In [2]:
import pandas as pd
import numpy as np
import seaborn as sns
import matplotlib.pyplot as plt
import scipy.sparse as sp
from sklearn.neighbors import NearestNeighbors

In [15]:
df_music = pd.read_csv('Song_data.csv')
df_music.tail()



Unnamed: 0,artist,song,link,text,user_id,frequency,song_id
40127,Glen Campbell,Tomorrow Never Comes,/g/glen+campbell/tomorrow+never+comes_20321520...,Oh you tell me that you love me \nYes you tel...,6REhHrdY,2.0,D3SKCEF4
40128,Kirsty Maccoll,Tomorrow Never Comes,/k/kirsty+maccoll/tomorrow+never+comes_2007962...,I watch you lie asleep \nWatch you breathing ...,EUvdRKtX,2.0,D3SKCEF4
40129,Glen Campbell,Truck Driving Man,/g/glen+campbell/truck+driving+man_20822122.html,"Well, I stopped at a roadhouse in Texas \nWel...",ew8t6zBy,1.0,YQEDR9C5
40130,Glen Campbell,Try A Little Kindness,/g/glen+campbell/try+a+little+kindness_2032903...,If you see your brother standing by the road ...,skR5hL31,1.0,MUB3FMWK
40131,Glen Campbell,"Turn Around, Look At Me",/g/glen+campbell/turn+around+look+at+me_208452...,"There is someone walking behind you, \nTurn a...",NHXnVXhT,1.0,HICZYJH5


In [4]:
user_ids = df_music['user_id'].astype('category').cat.codes
song_ids = df_music['song_id'].astype('category').cat.codes

In [5]:
user_song_matrix = df_music.pivot_table(index='user_id', columns='song_id', values='frequency', fill_value=0)

In [7]:
average_listens = np.mean(user_song_matrix.values)
median_listens = np.median(user_song_matrix.values)
min_listens = np.min(user_song_matrix.values)
max_listens = np.max(user_song_matrix.values)

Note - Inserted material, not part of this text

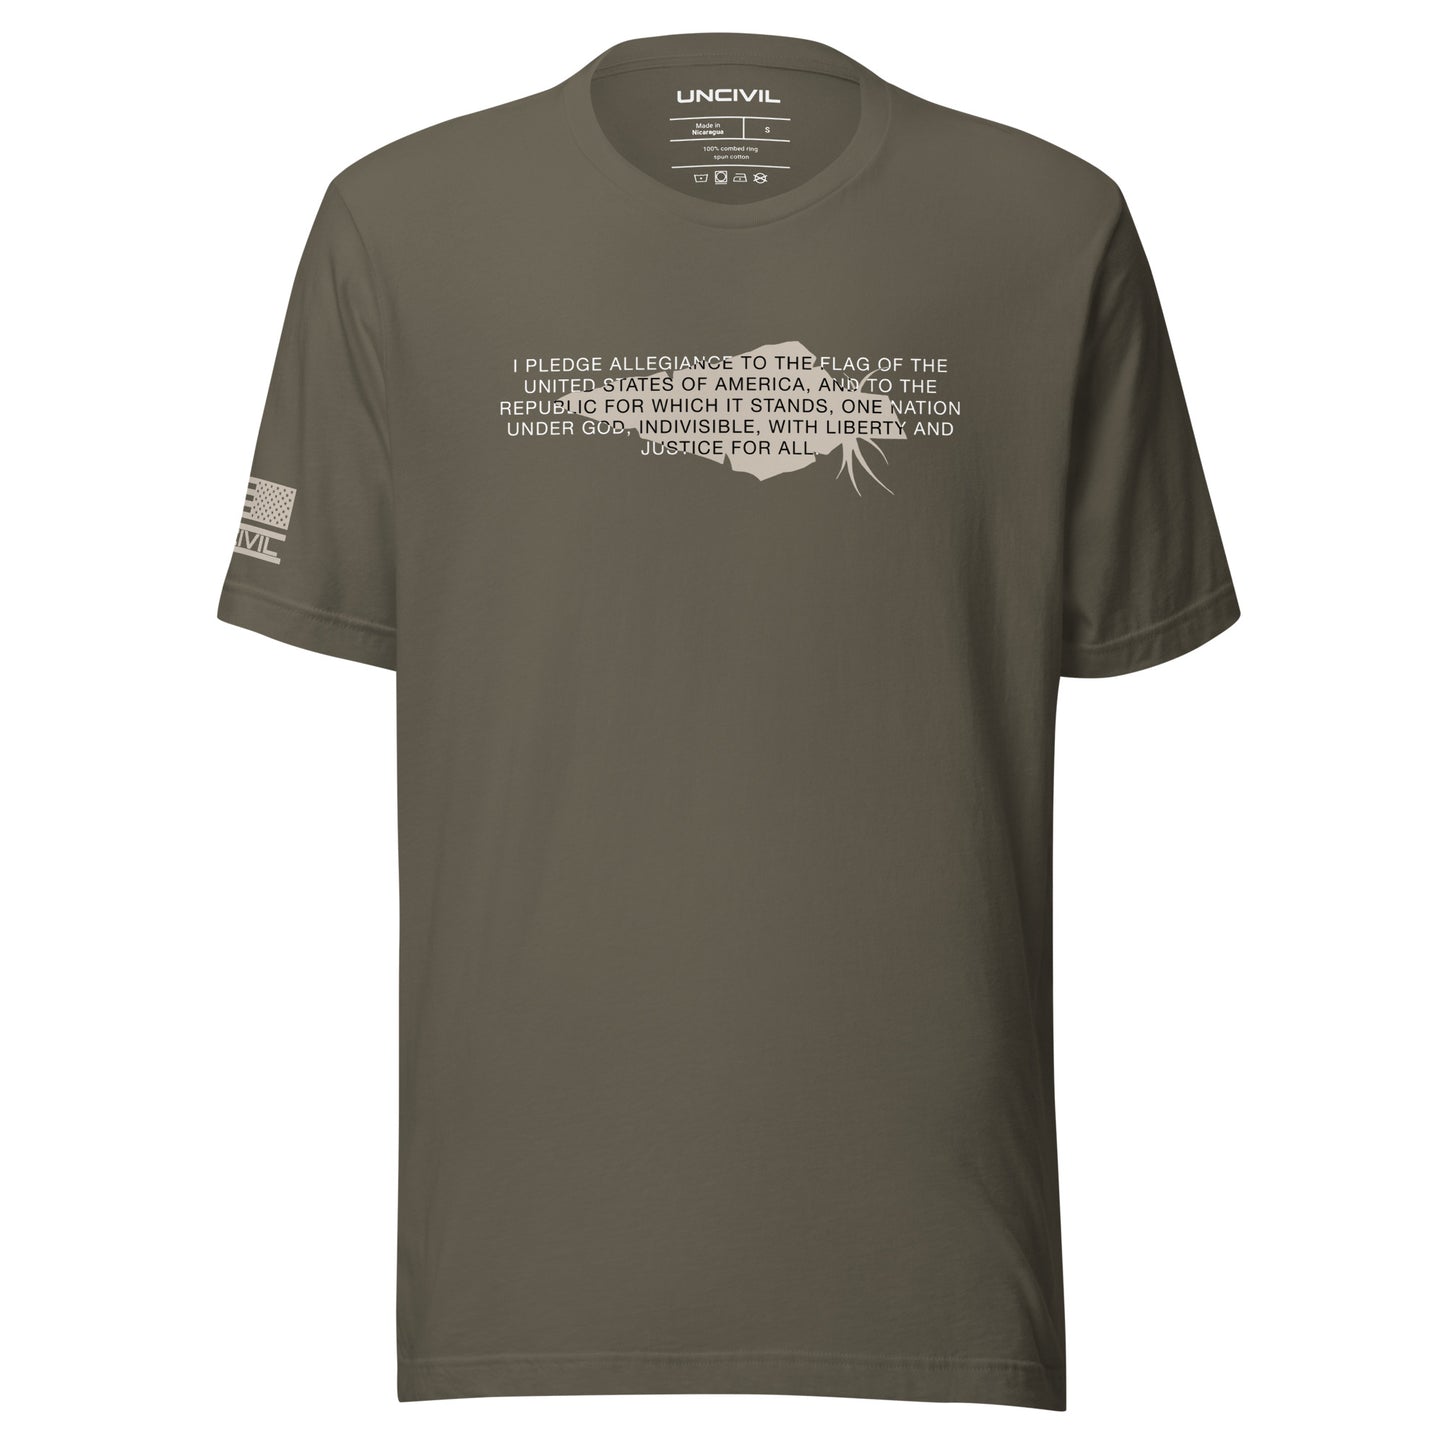 Army Green The Pledge of Allegiance UNCIVIL Tee
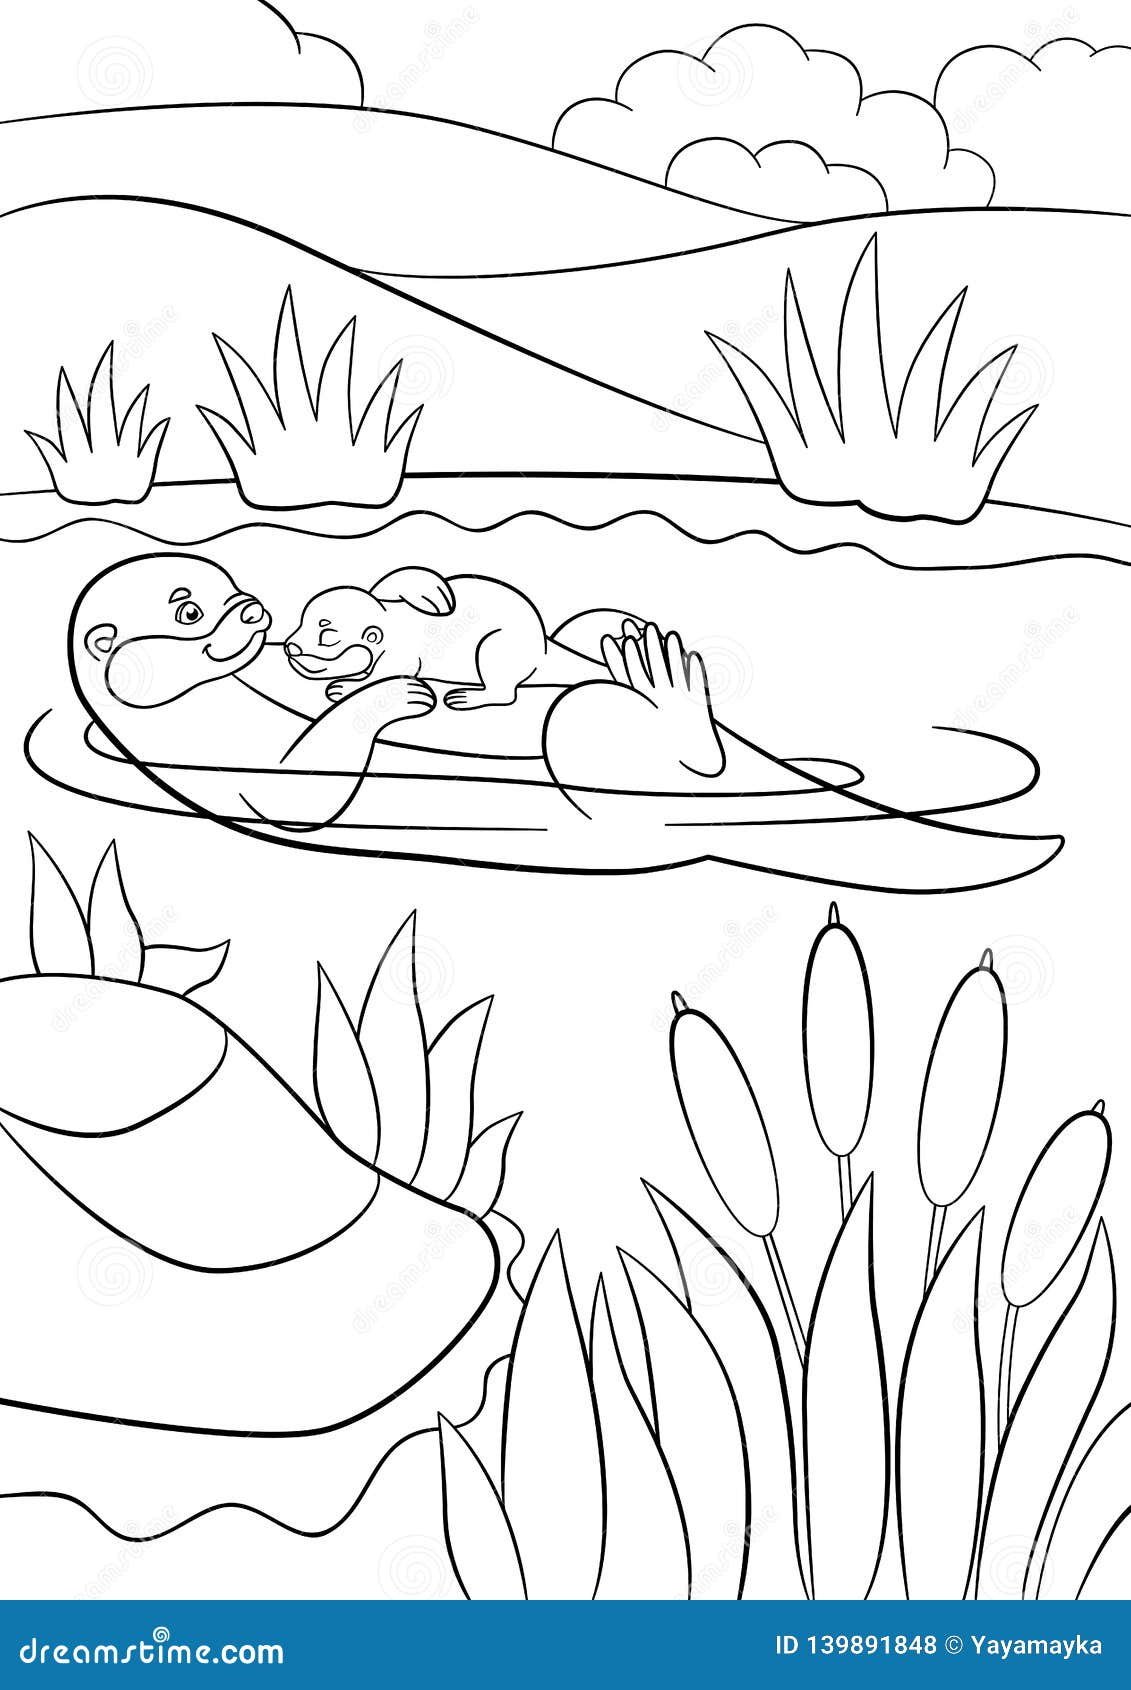 Coloring Pages Mother Otter Swims With Her Little Cute Baby In The River Stock Vector Illustration Of Little Landscape 139891848

print(f"Average number of songs listened to per user: {average_listens}")
print(f"Median number of songs listened to per user: {median_listens}")
print(f"Min number of songs listened to: {min_listens}, Max number of songs listened to: {max_listens}")


Average number of songs listened to per user: 0.0004228775751974263
Median number of songs listened to per user: 0.0
Min number of songs listened to: 0, Max number of songs listened to: 35


In [9]:
unique_songs_count = df_music['song_id'].nunique()
unique_users_count = df_music['user_id'].nunique()


In [10]:
total_possible_entries = unique_users_count * unique_songs_count
non_zero_entries = df_music.shape[0]
zero_entries = total_possible_entries - non_zero_entries
sparsity = (zero_entries / total_possible_entries) * 100
print(f"The user-song matrix has {zero_entries} zero values, leading to a sparsity of {sparsity:.2f}%.")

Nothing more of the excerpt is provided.